Distribution of estimated question difficulties by domain and labeled difficulty (GPQA-Diamond). Each dot indicates a GPQA-Diamond question’s GLMM-estimated difficulty (i.e., random effect value). Box plots display quartiles and violin plots display estimated density. These estimates show that GPQA-Diamond’s chemistry questions were particularly difficult for the 22 tested LLMs. On the other hand, question difficulty for LLMs has a weak relationship with question-writer-labeled difficulty. This may suggest that humans and the tested LLMs find different questions difficult, and/or could call into question whether writer annotations are accurate even for human difficulty.

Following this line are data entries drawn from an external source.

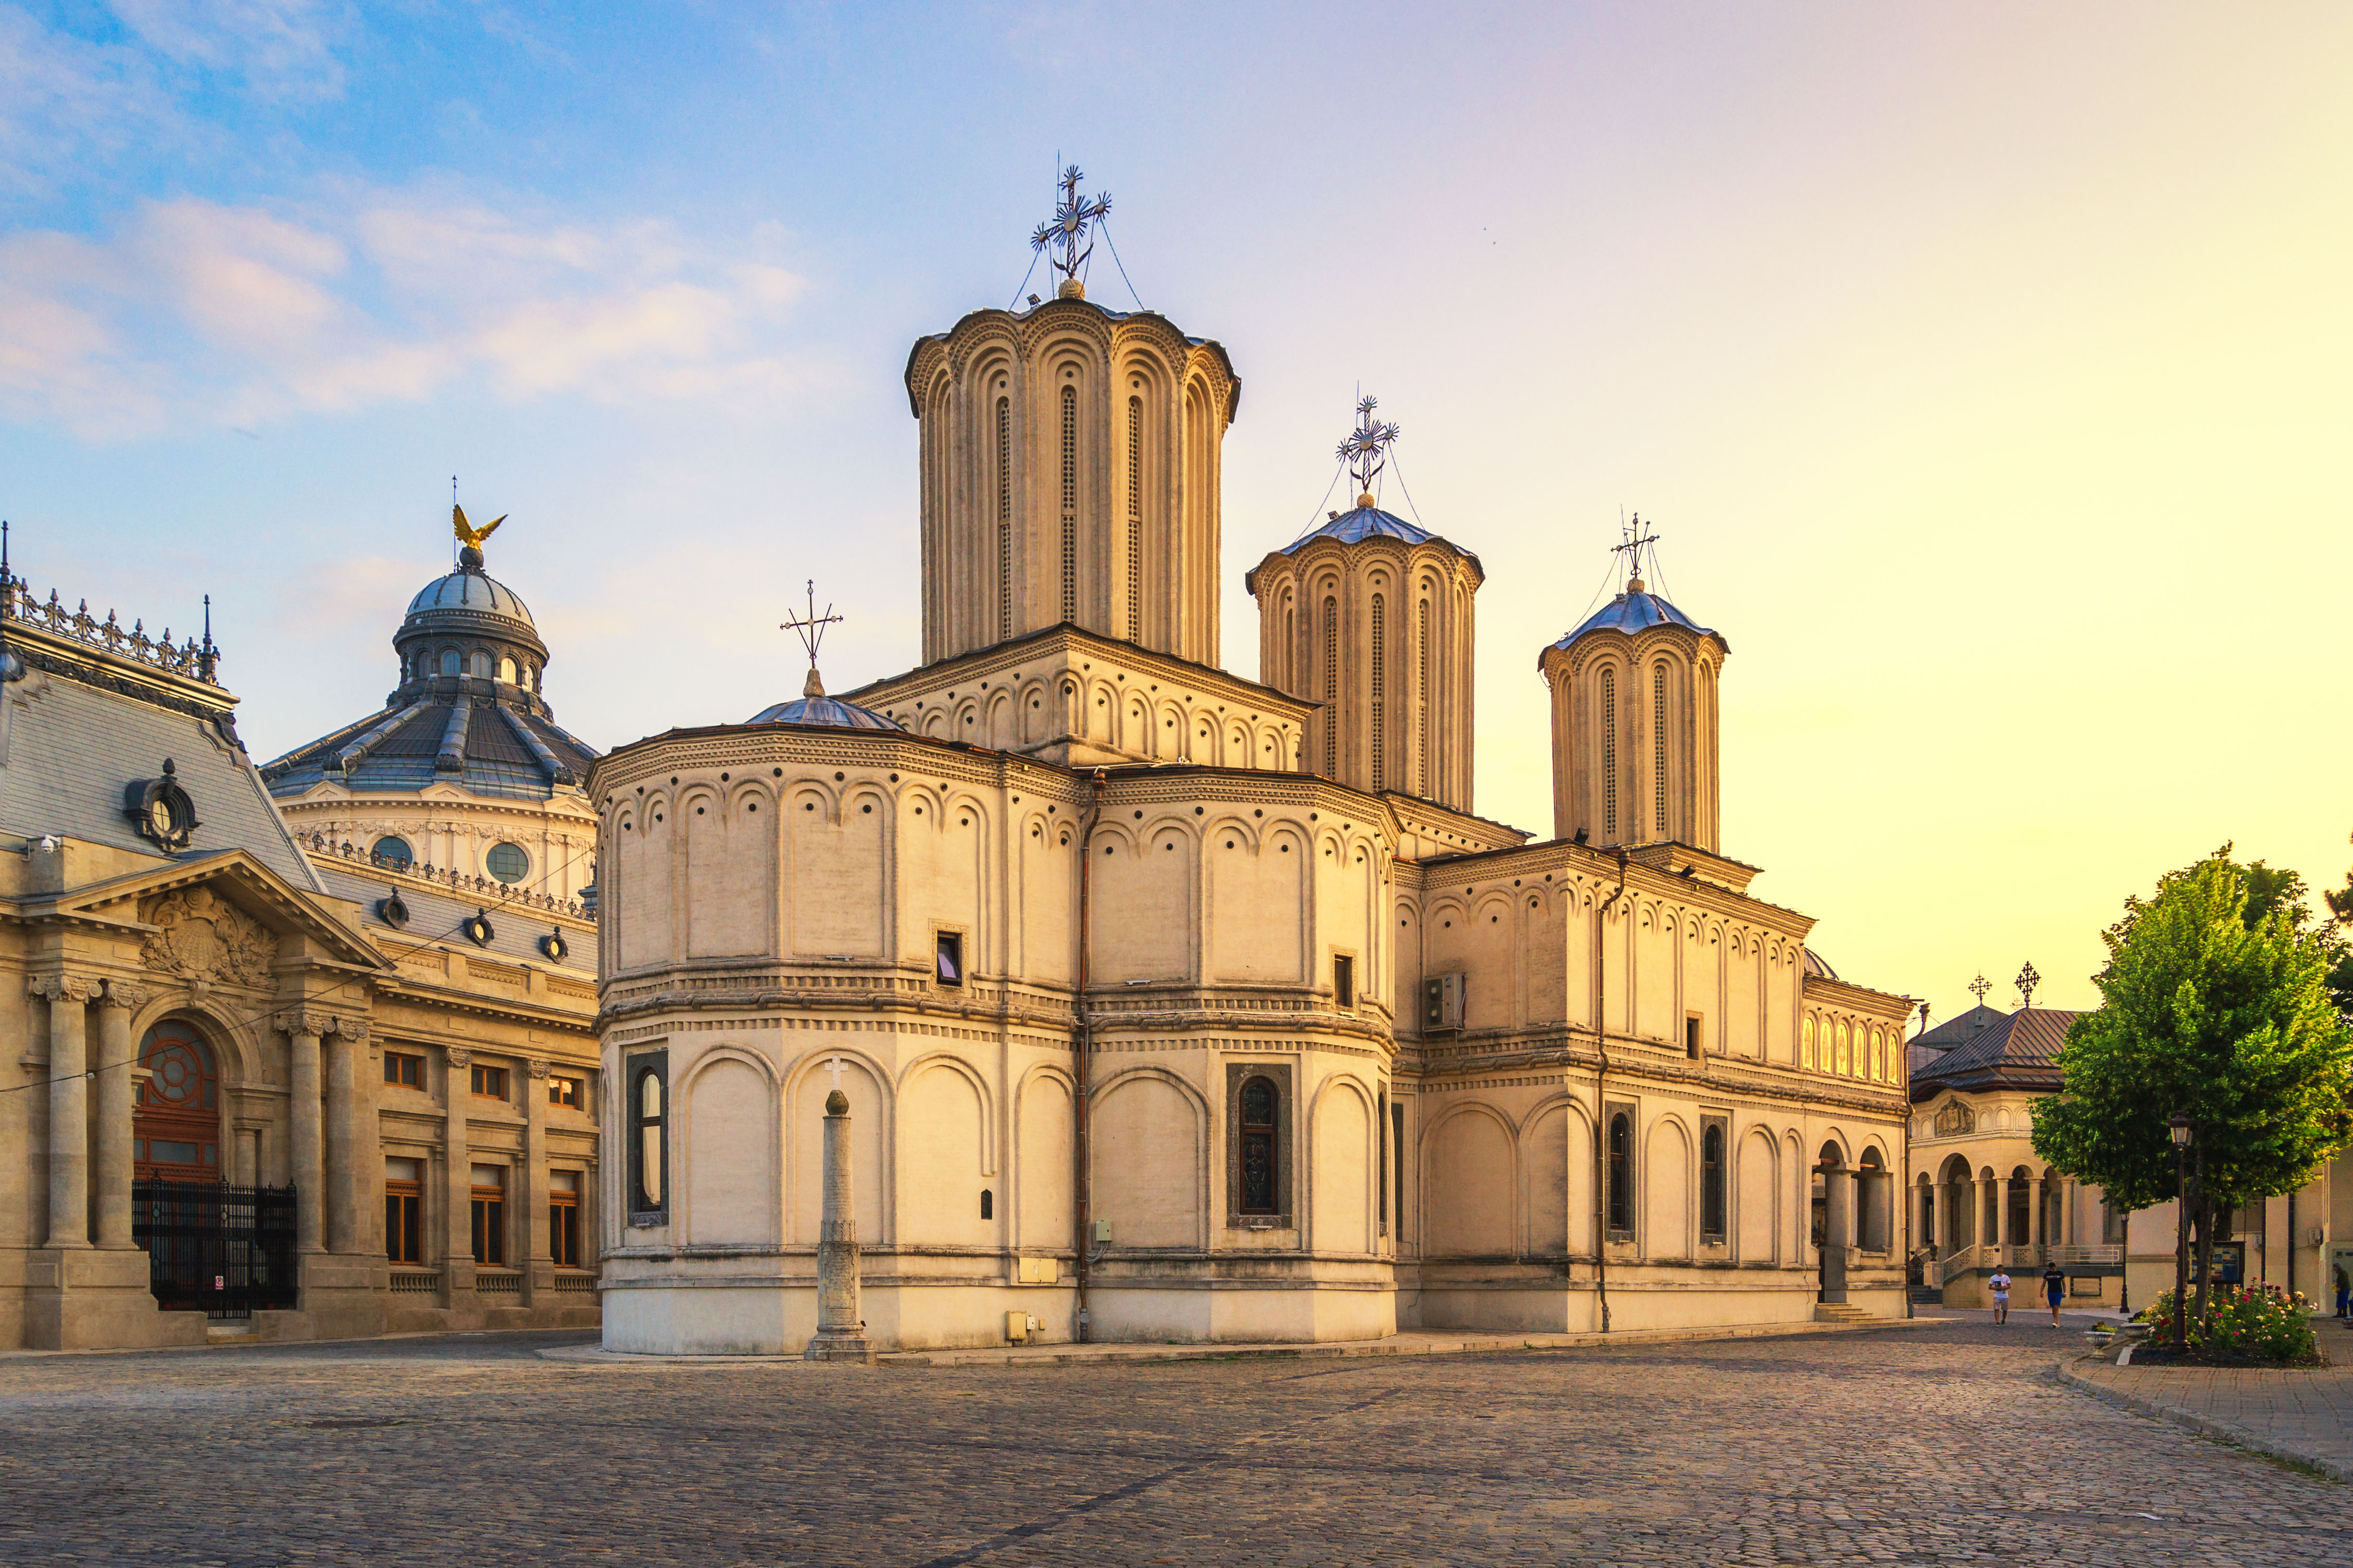 Достопримечательность Бухареста (церковь в Бухаресте) как символ программы репатриации в Румынии и получения гражданства
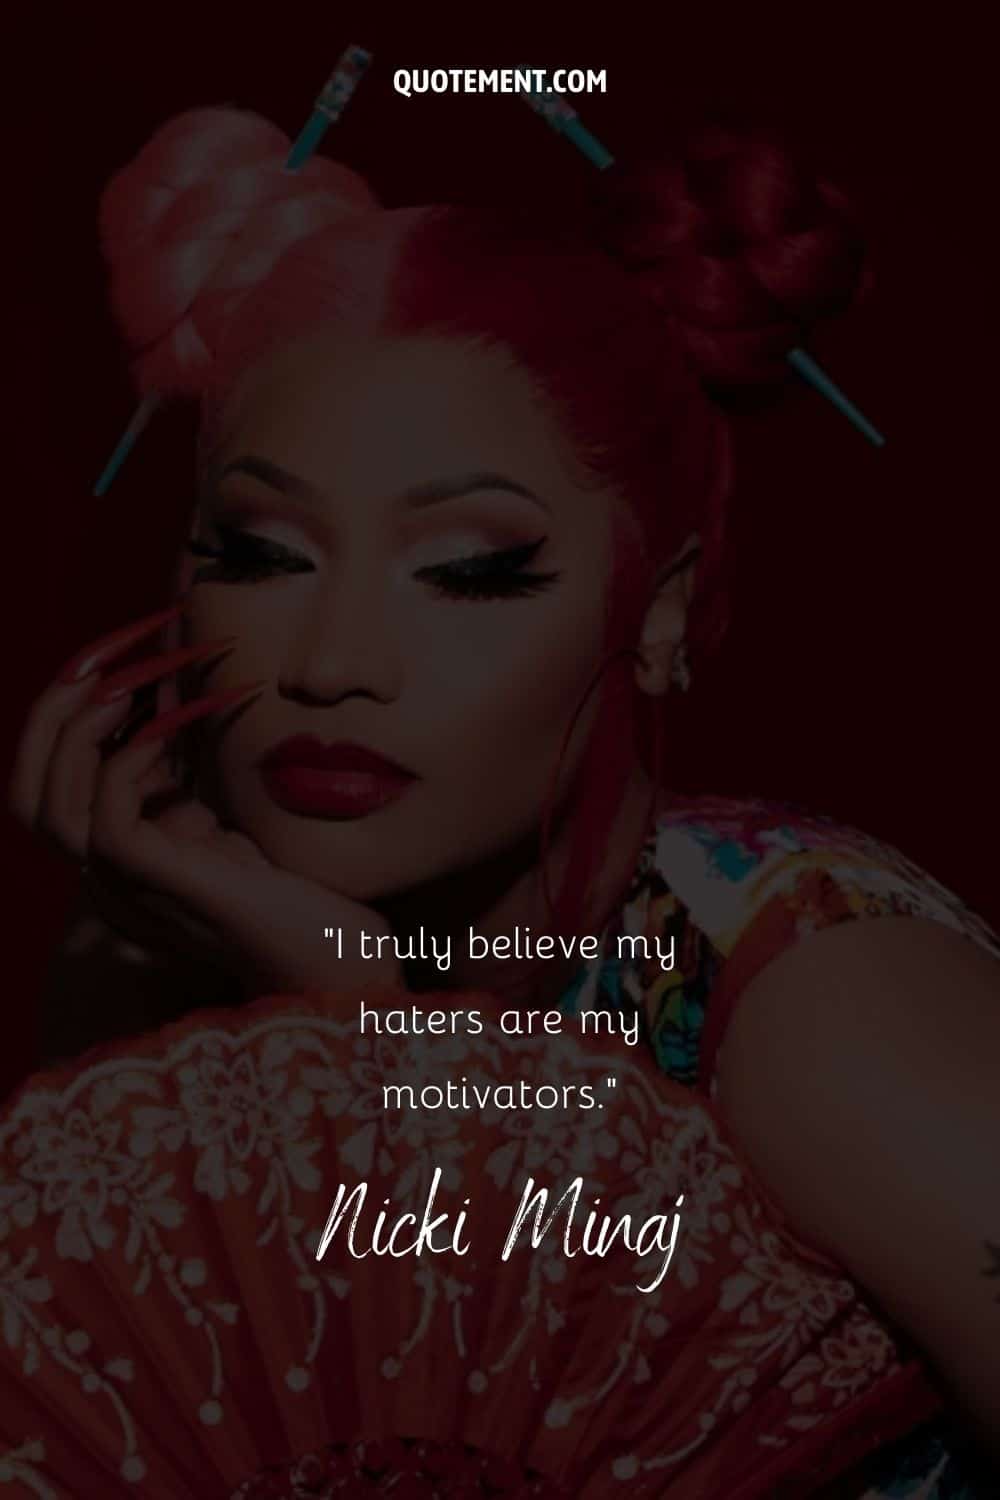 Cita motivadora de Nicki Minaj sobre los haters, y su foto de fondo
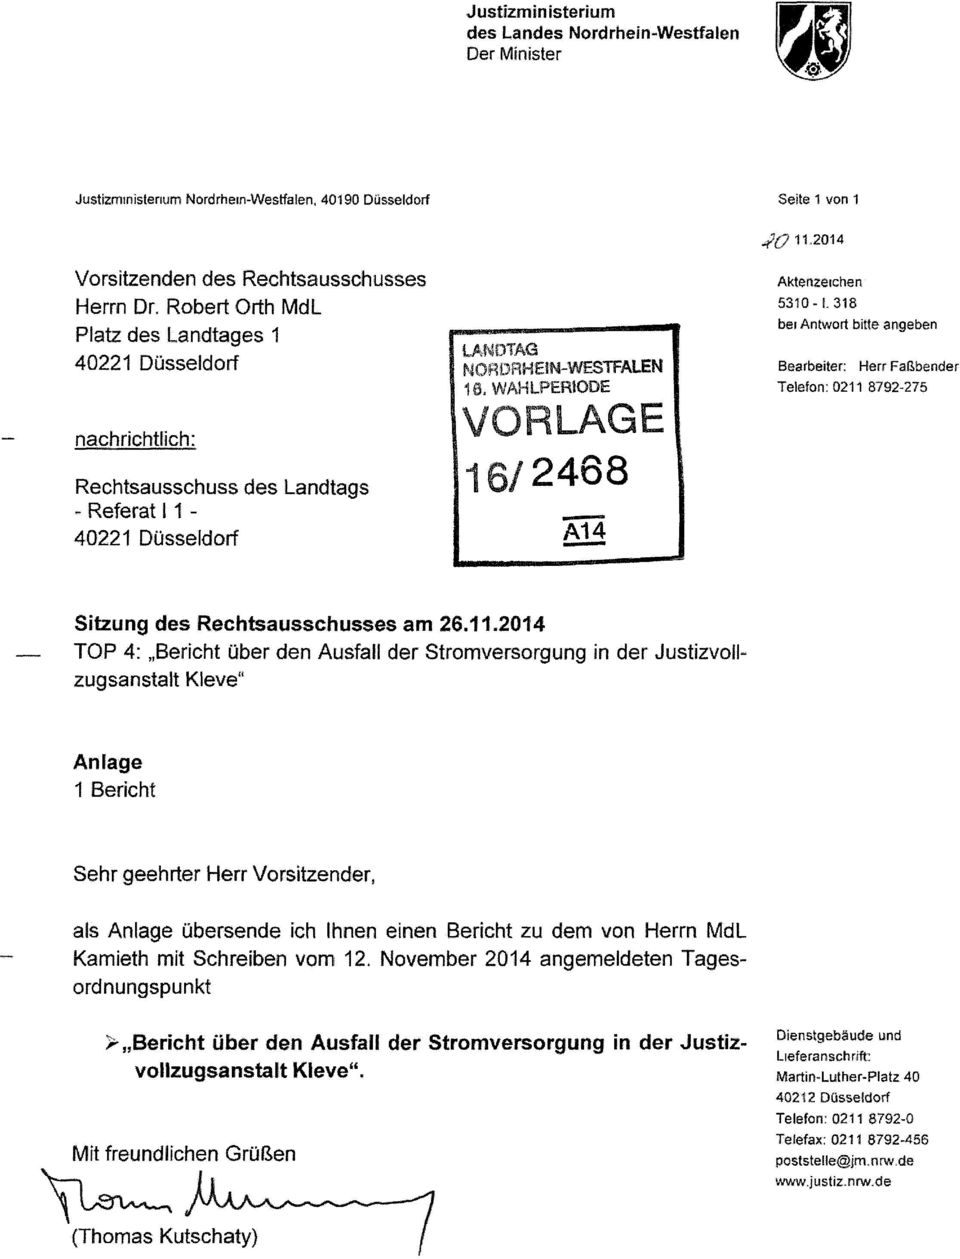 Landtags - Referat I 1-40221 Düsseldorf 1 /2468 - A14 - Sitzung des Rechtsausschusses am 26.11.

GLMMs enable decomposition of the total variance in evaluation results into a between-question component reflecting differences in LLM performance between different questions, and a within-question component reflecting inconsistency in LLM performance on the same question. We use BIG-Bench Hard and Global-MMLU Lite as examples of the utility of such decomposition, illuminating differences between tasks and languages. For instance, a set of tested LLMs scored roughly 83% on average on two BIG-Bench Hard tasks: “Penguins in a Table”, which consists of word problems involving simple tables of data, and “Formal Fallacies”, which asks LLMs to decide whether logical statements are valid or invalid. However, GLMM-derived statistics reveal that the LLM results are more consistent for each individual Table question than for each Formal Fallacies question, while conversely there is more variation in performance between Table questions than between Formal Fallacies questions.
Looking Ahead
NIST AI 800-3 argues that the statistical validity of LLM evaluations benefits from evaluators explicitly adopting a model for analyzing evaluation results and disclosing related assumptions. Generalized linear mixed modeling is one promising approach which could form a foundation for more principled AI evaluation statistics. Future CAISI and NIST publications will further explore the application of statistical models to AI evaluation. We look forward to engaging with industry and the scientific community as research on this topic continues to develop. Questions and comments can be directed to caisi-metrology [at] nist.gov (caisi-metrology[at]nist[dot]gov).
* The identification of commercial AI systems in this figure and paper does not imply recommendation or endorsement of any product or service by NIST, nor does it imply that the systems identified are necessarily the best available for a purpose.